A disadvantage of the direct calculation of the $($generally complex$)$ DFT sequences

$$\langle \hspace{0.03cm}D(\mu)\hspace{0.03cm}\rangle \hspace{0.2cm}\bullet\!\!-\!\!\!-(N)\!-\!\!\!-\!\!\hspace{0.05cm}\circ\, \hspace{0.2cm} \langle \hspace{0.03cm}d(\nu)\hspace{0.03cm} \rangle$$

according to the equations given in chapter »Discrete Fourier Transform» $\rm (DFT)$ is the large computational cost.

We consider as an example the DFT, i.e. the calculation of the $D(\mu)$ coefficients from the $d(\nu)$ coefficients:

$$N \cdot D(\mu) = \sum_{\nu = 0 }^{N-1} d(\nu) \cdot {w}^{\hspace{0.03cm}\nu \hspace{0.03cm} \cdot \hspace{0.05cm}\mu} = d(0) \cdot w^{\hspace{0.03cm}0} + d(1) \cdot w^{\hspace{0.03cm}\mu}+ d(2) \cdot w^{\hspace{0.03cm}2\mu}+\hspace{0.05cm}\text{ ...} \hspace{0.05cm}+ d(N-1) \cdot w^{\hspace{0.03cm}(N-1)\cdot \mu}.$$

The computational effort required for this is to be estimated, assuming that the powers of the complex rotation factor $w = {\rm e}^{-{\rm j} \hspace{0.05cm}\cdot \hspace{0.05cm}2 \pi/N}$ already exist in real and imaginary part form in a lookup table. To calculate a single coefficient, one then needs $N-1$ complex multiplications and as many complex additions, observing:

Each complex addition requires two real additions:

$$(R_1 + {\rm j} \cdot I_1) + (R_2 + {\rm j} \cdot I_2) = (R_1 + R_2) + {\rm j} \cdot (I_1 + I_2)\hspace{0.05cm}.$$

Each complex multiplication requires four real multiplications and two real additions $($a subtraction is treated as an addition$)$:

$$(R_1 + {\rm j} \cdot I_1) (R_2 + {\rm j} \cdot I_2) = (R_1 \cdot R_2 - I_1 \cdot I_2) + {\rm j} \cdot (R_1 \cdot I_2 + R_2 \cdot I_1)\hspace{0.05cm}.$$

Thus, the following number of real multiplications and the number of real additions are required to calculate all $N$ coefficients in total:

$$M = 4 \cdot N \cdot (N-1),$$

$$A = 2 \cdot N \cdot (N-1)+2 \cdot N \cdot (N-1)=M \hspace{0.05cm}.$$

In today's computers, multiplications and additions/subtractions need about the same computing time. It is sufficient to consider the total number $\mathcal{O} = M + A$ of all operations:

$$\mathcal{O} = 8 \cdot N \cdot (N-1) \approx 8 \cdot N^2\hspace{0.05cm}.$$

$\text{Conclusion:}$

For a Discrete Fourier Transform $\rm (DFT)$ with $N = 1000$ one already needs almost eight million arithmetic operations. The same applies to an IDFT.

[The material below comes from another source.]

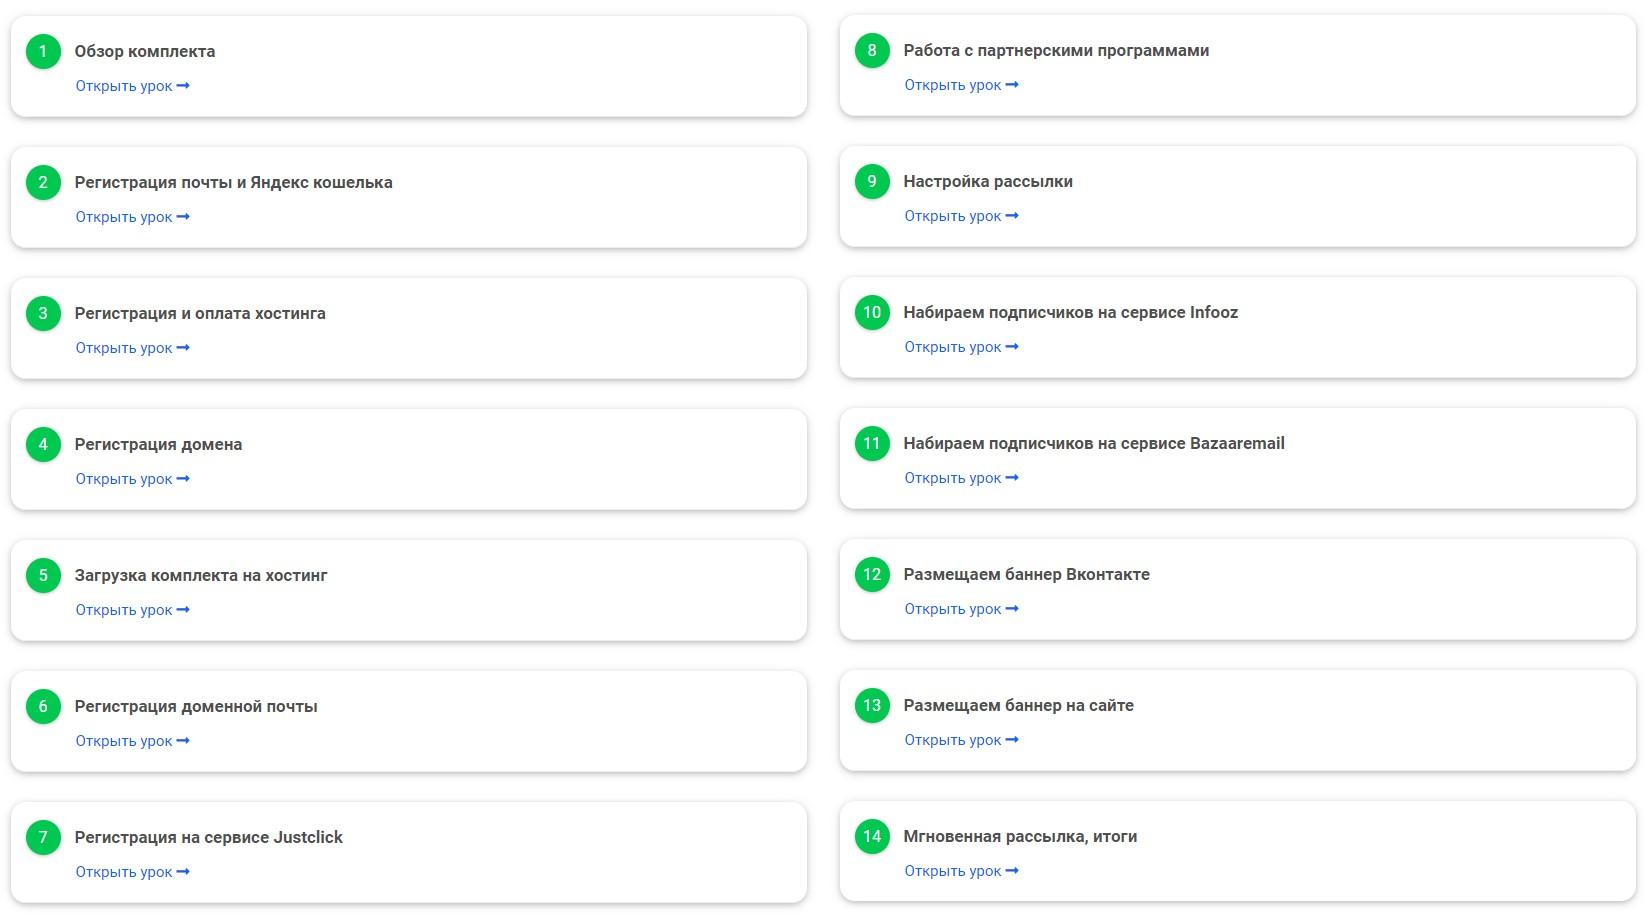 Система Капитал, курс Капитал, Максим Зеленцов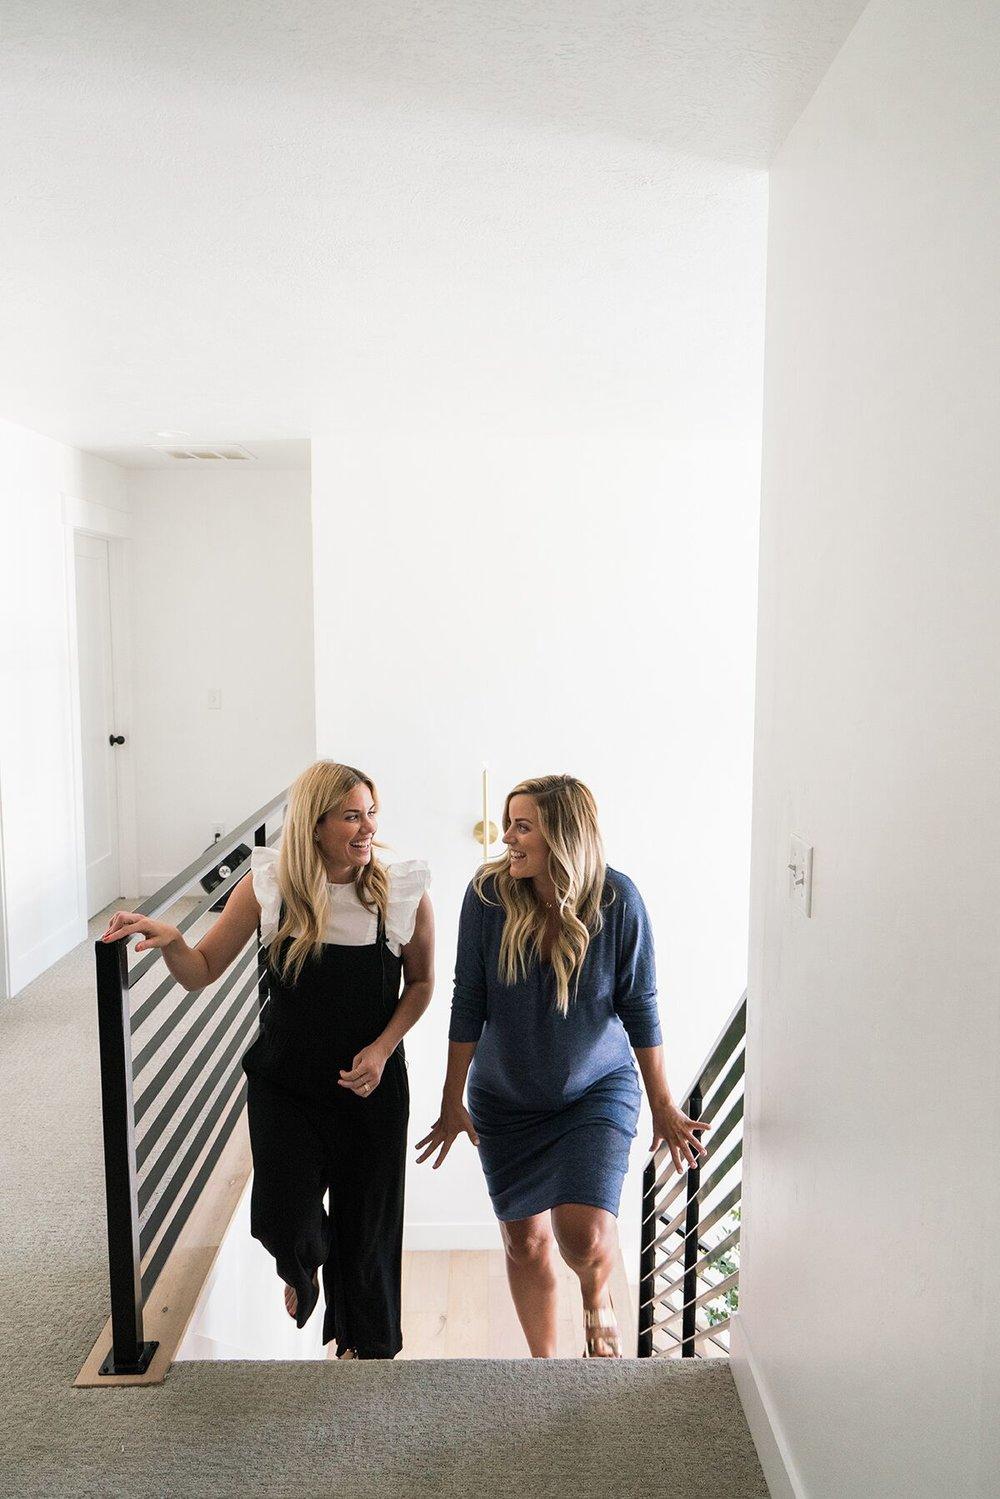 Jenna Rammell and Studio McGee

With $N =16$ still $1920$ computational operations are required.

If the parameter $N$ is a power to the base $2$, more computationally efficient algorithms can be applied. The multitude of such methods known from the literature are summarized under the collective term »Fast Fourier Transform« – abbreviated $\text{FFT}$. All these methods are based on the »superposition theorem« of the DFT.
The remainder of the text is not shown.